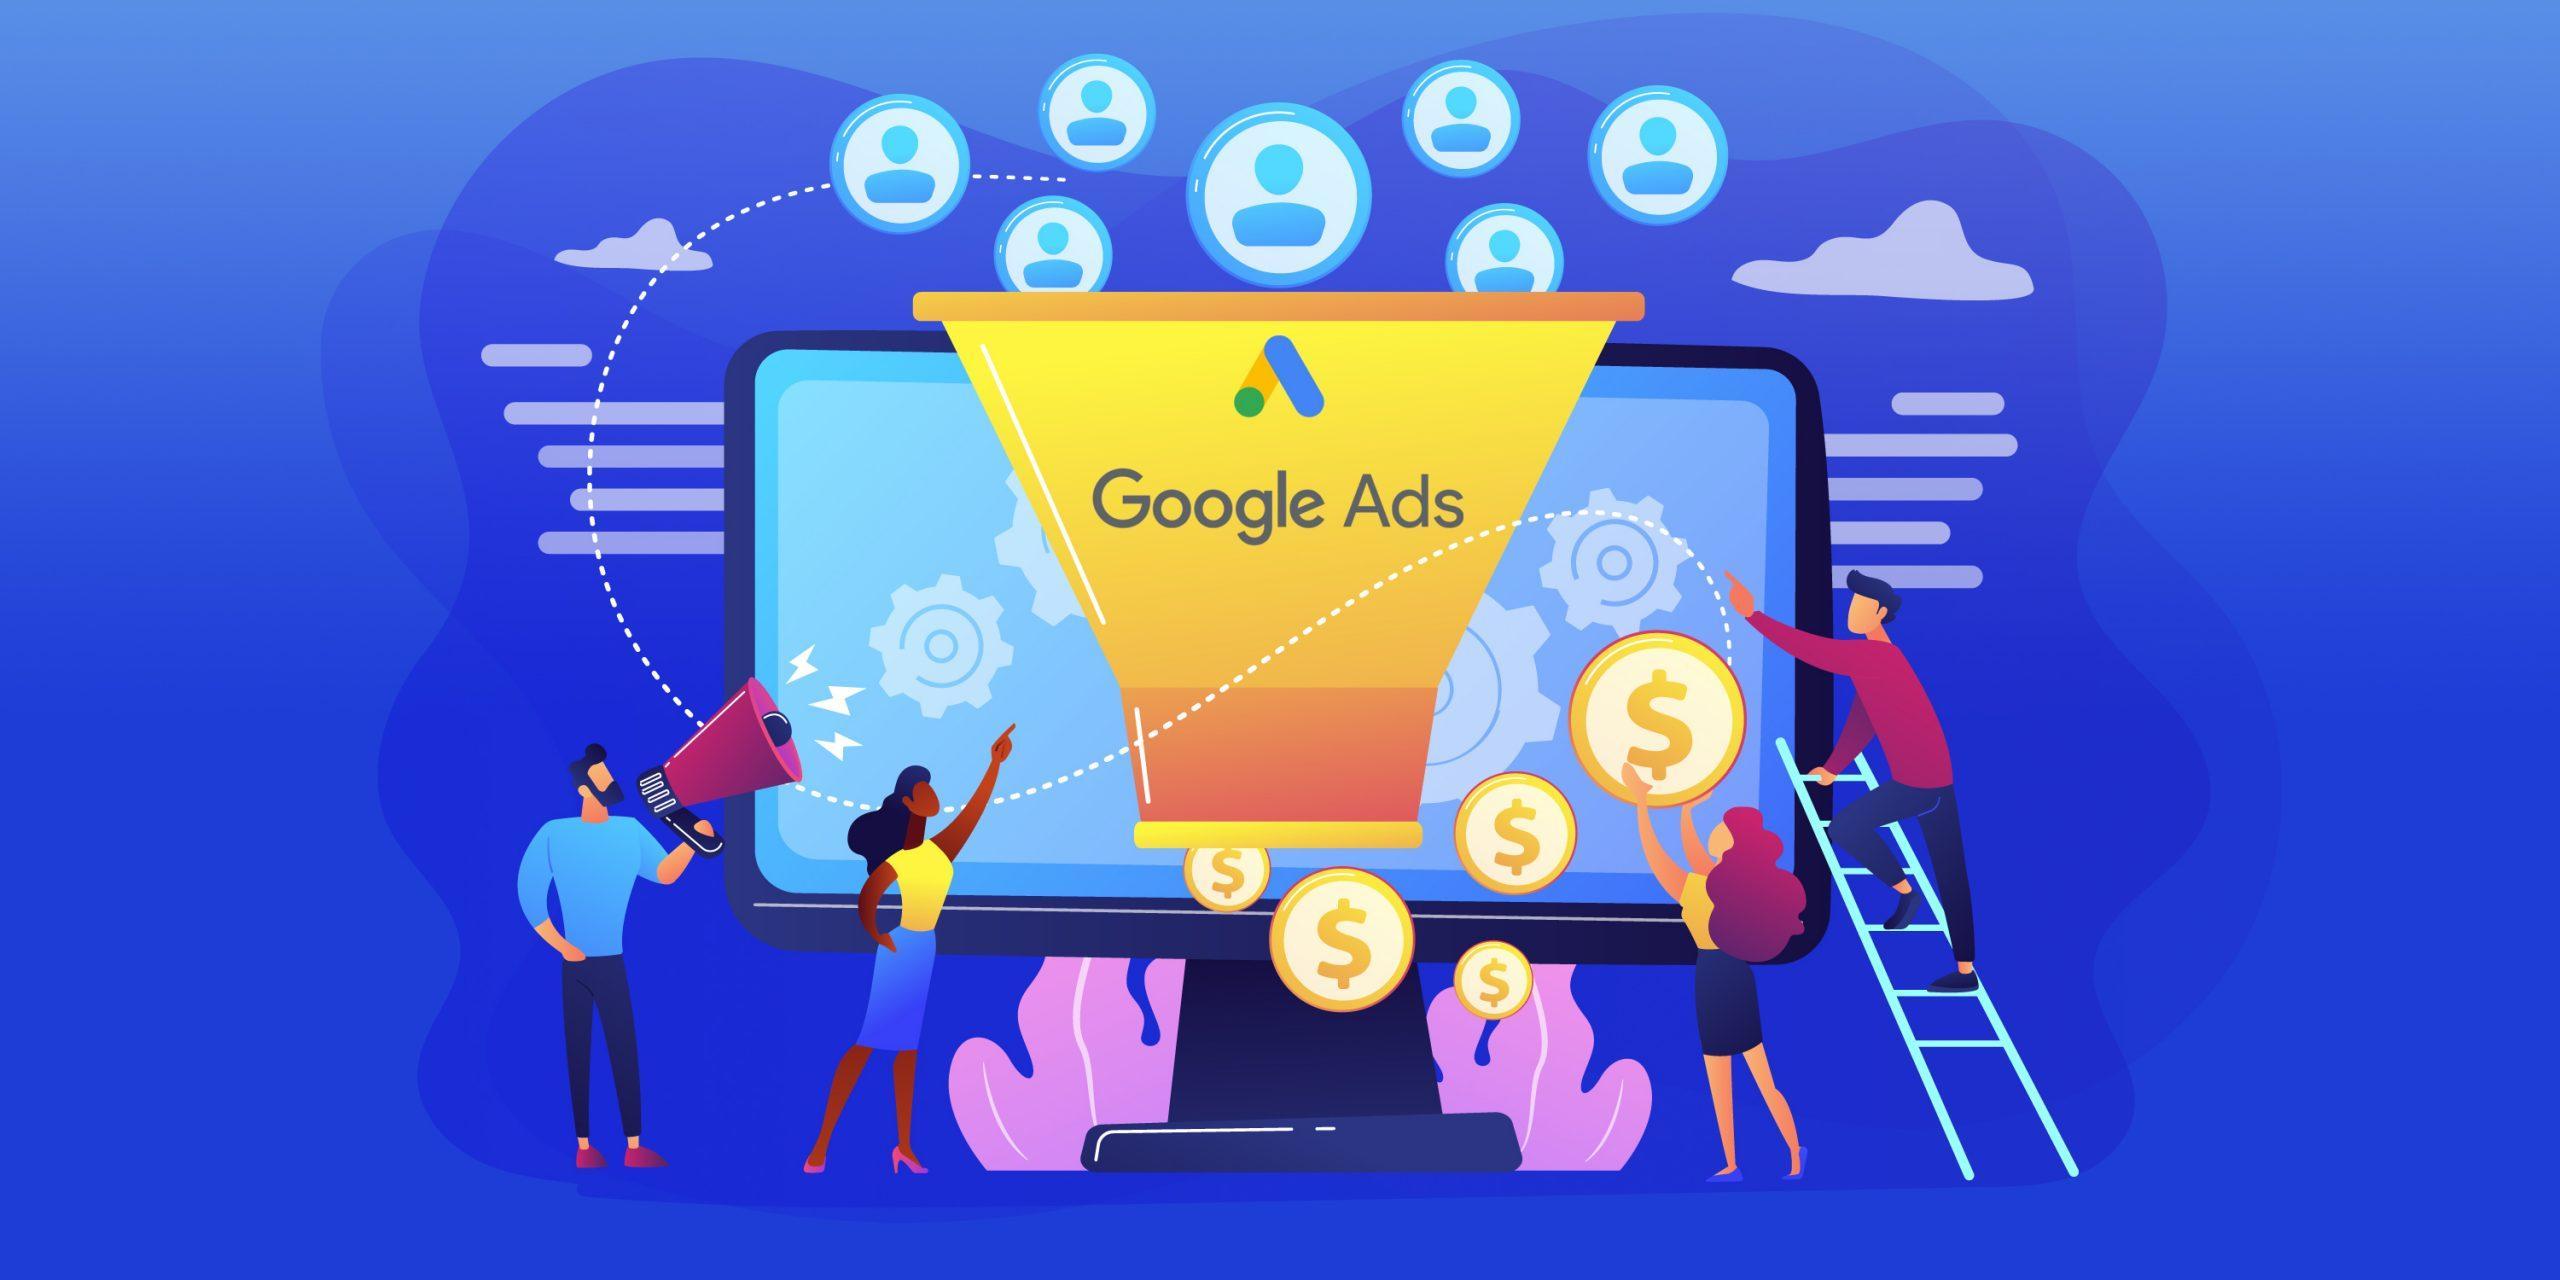 {:en}Ads on Google Ads don't generate leads. We fix the situation together!{:}{:ru}Реклама в Google Ads не приносит лиды. Исправляем ситуацию вместе! {:}
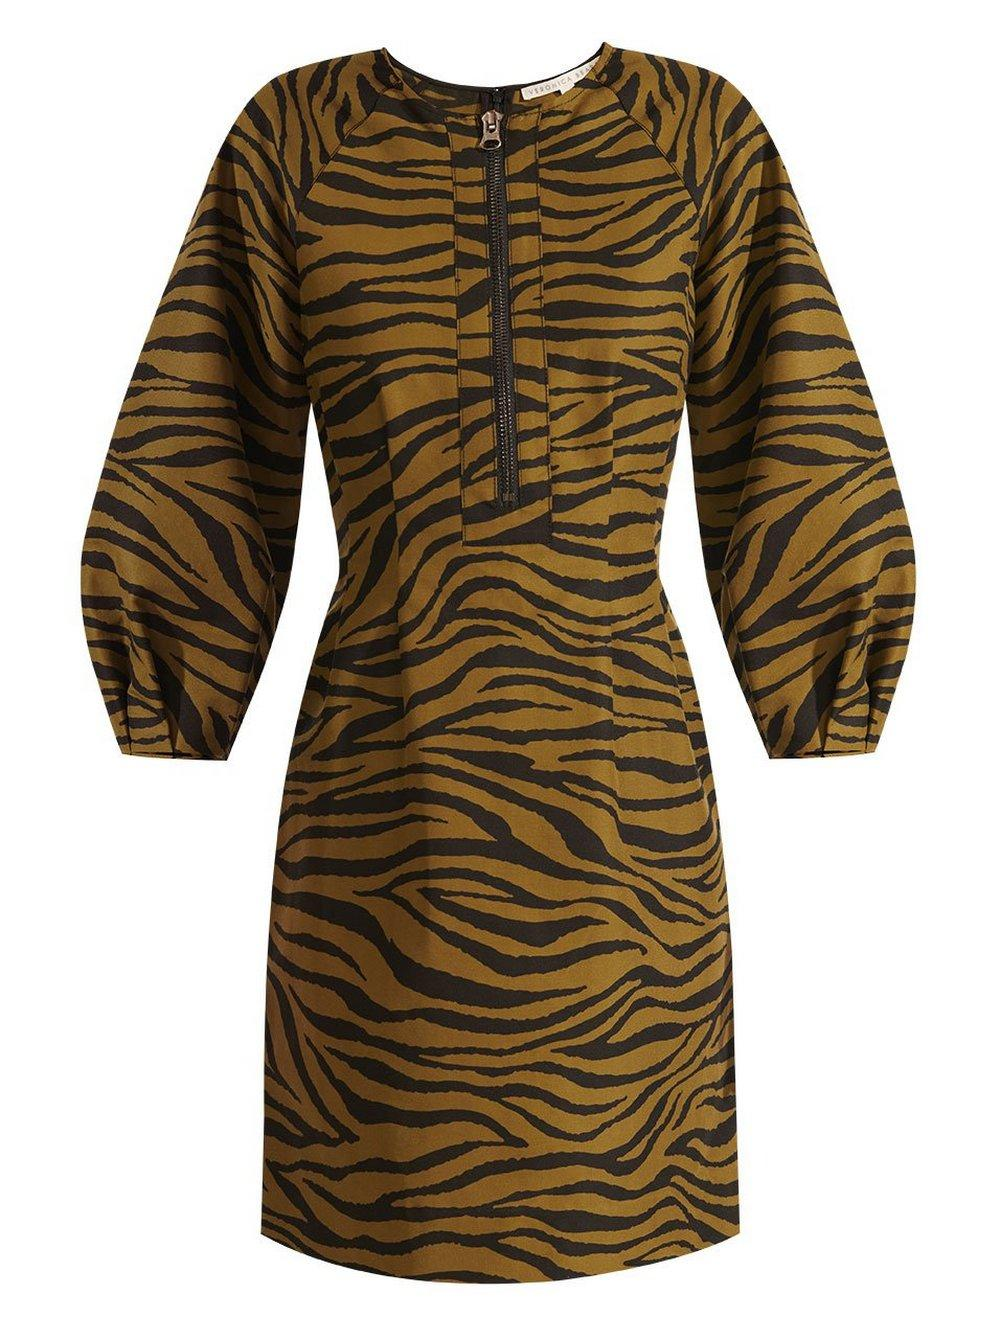 Navi Dress Item # 2006NP0152931
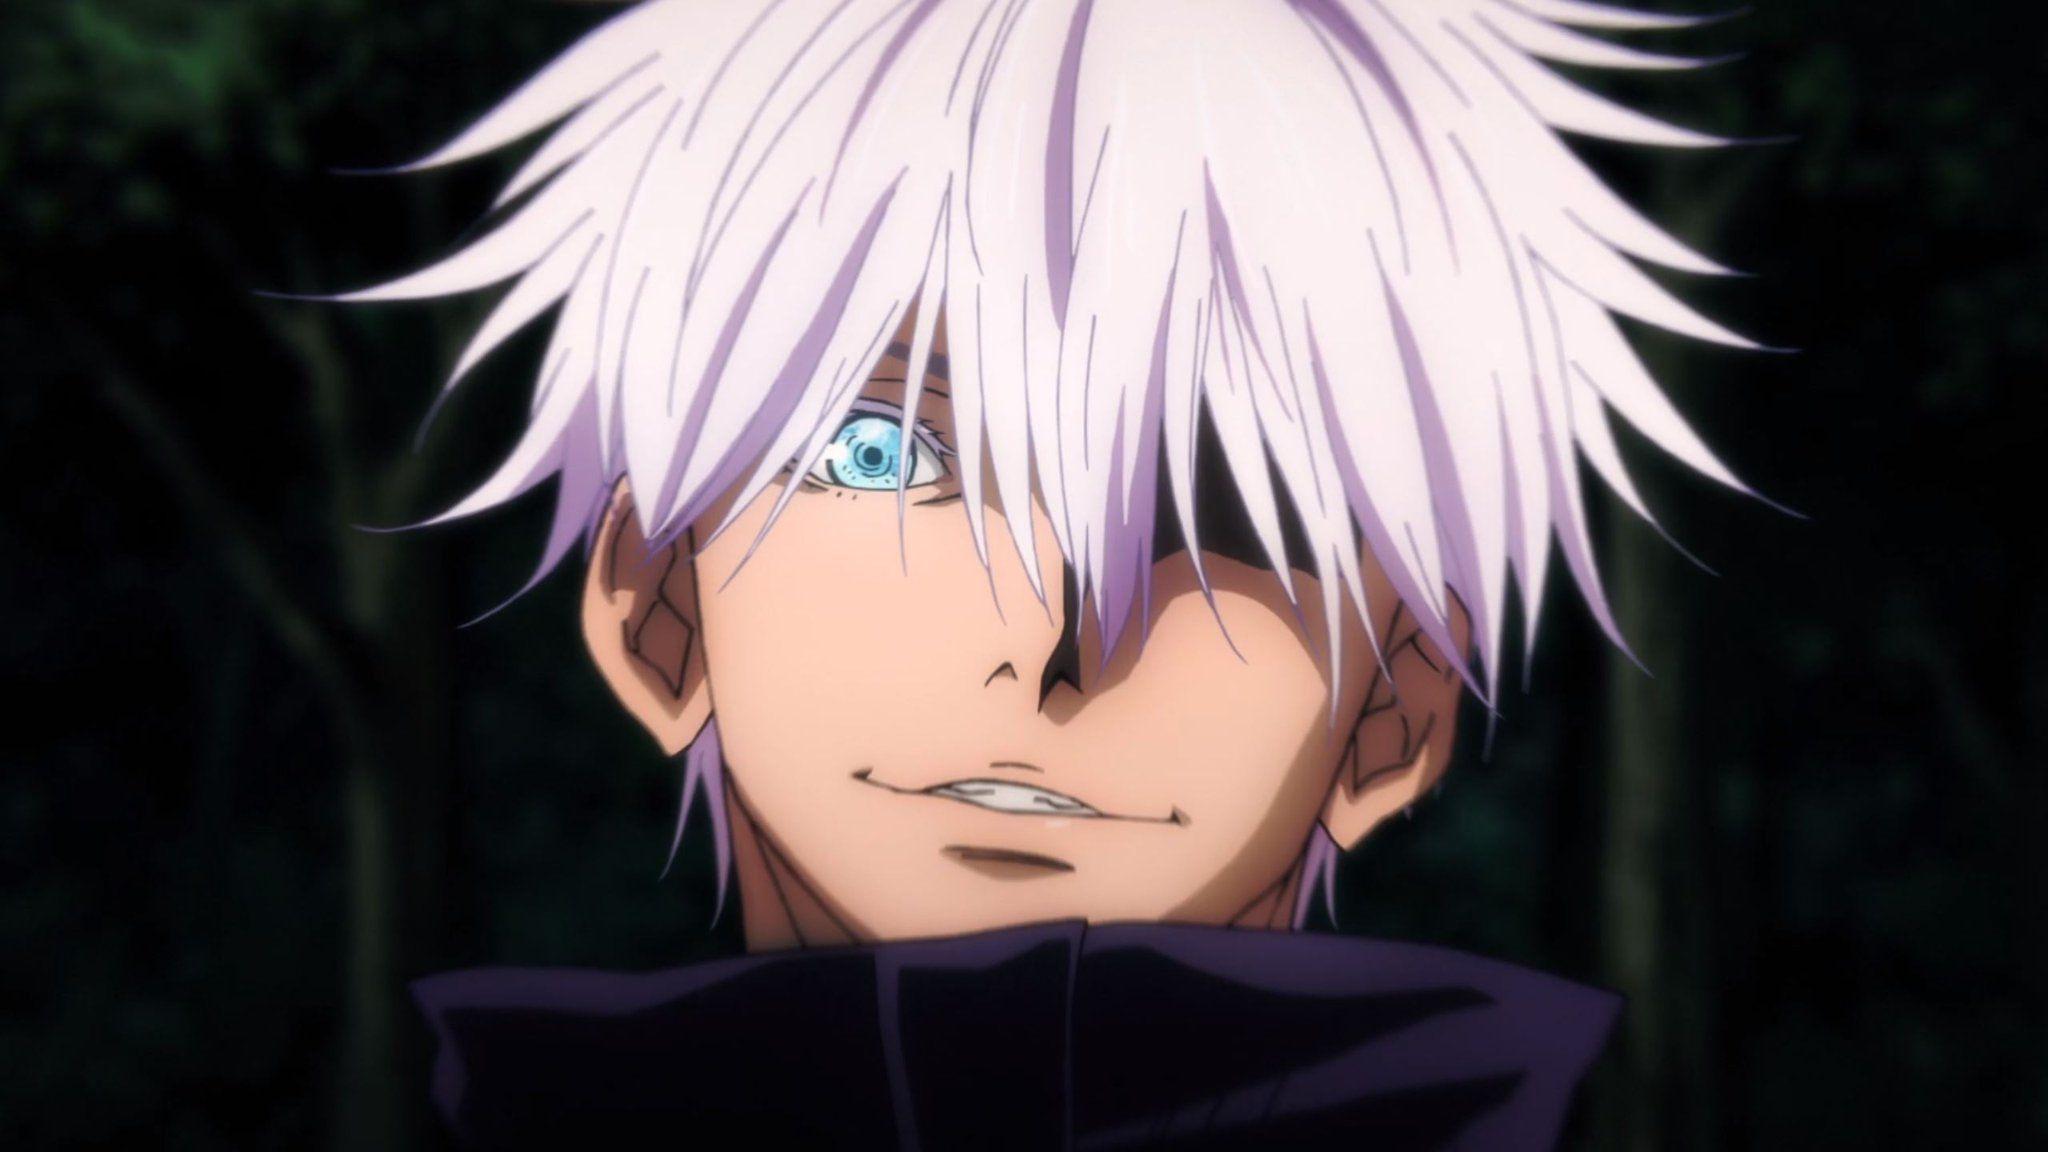 Imagens De Animes On Twitter In 2021 Jujutsu Anime Anime Villians
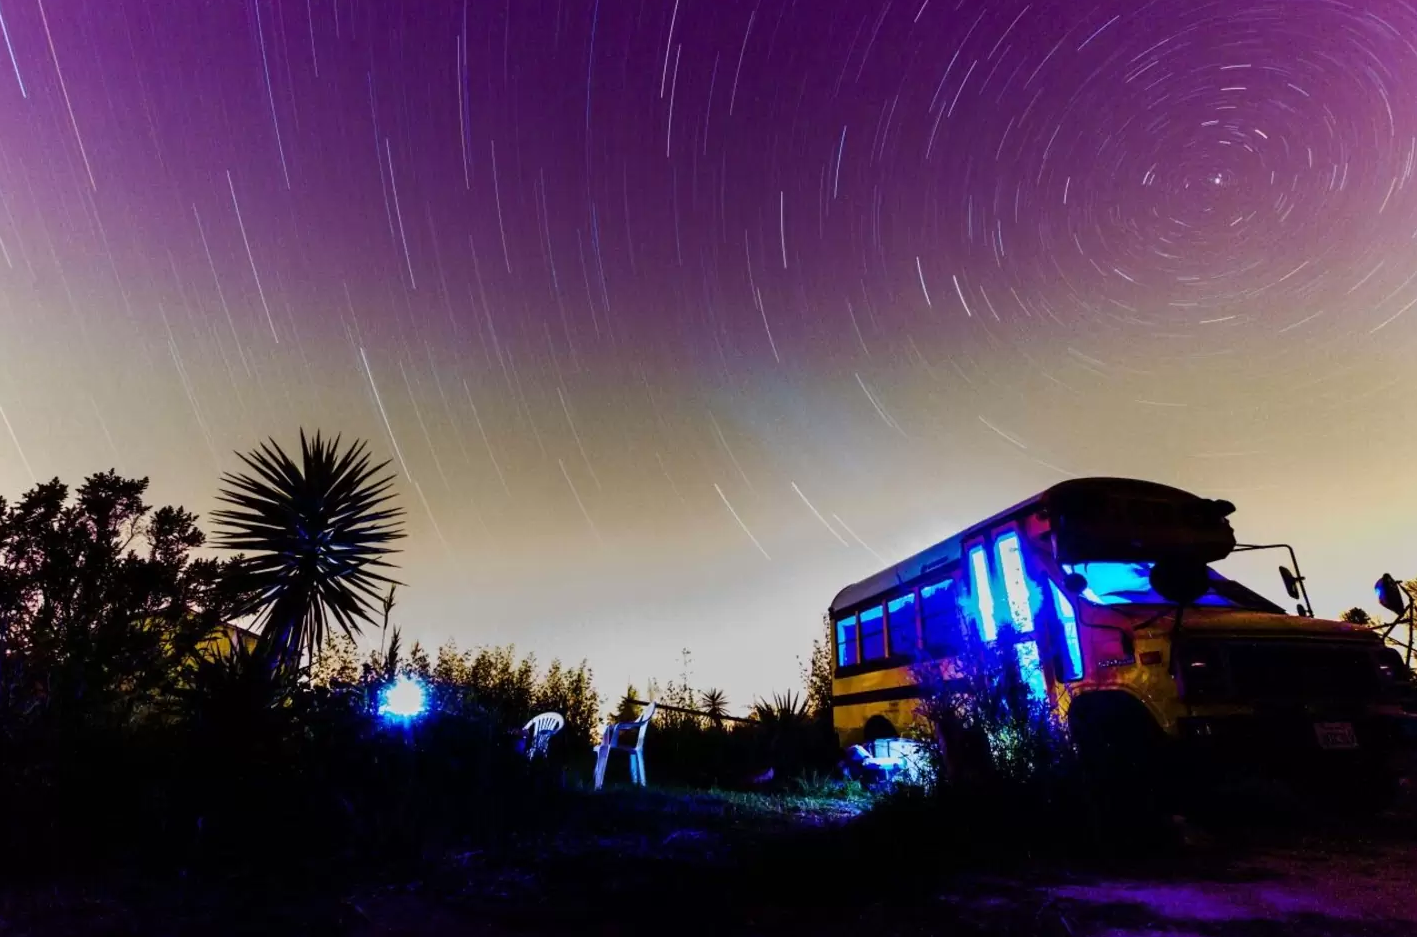 Crazy Airbnb Rentals Weird Vacation Homes
○ ○ ○
■ **TASK DETAILS**: Exclude the pictures and print the rest of the data exactly.

■ **ANSWER TO THE PROBLEM**:
 {:en}Ads on Google Ads don't generate leads. We fix the situation together!{:}{:ru}Реклама в Google Ads не приносит лиды. Исправляем ситуацию вместе! {:}
 Navi Dress Item # 2006NP0152931
 Imagens De Animes On Twitter In 2021 Jujutsu Anime Anime Villians
 Crazy Airbnb Rentals Weird Vacation Homes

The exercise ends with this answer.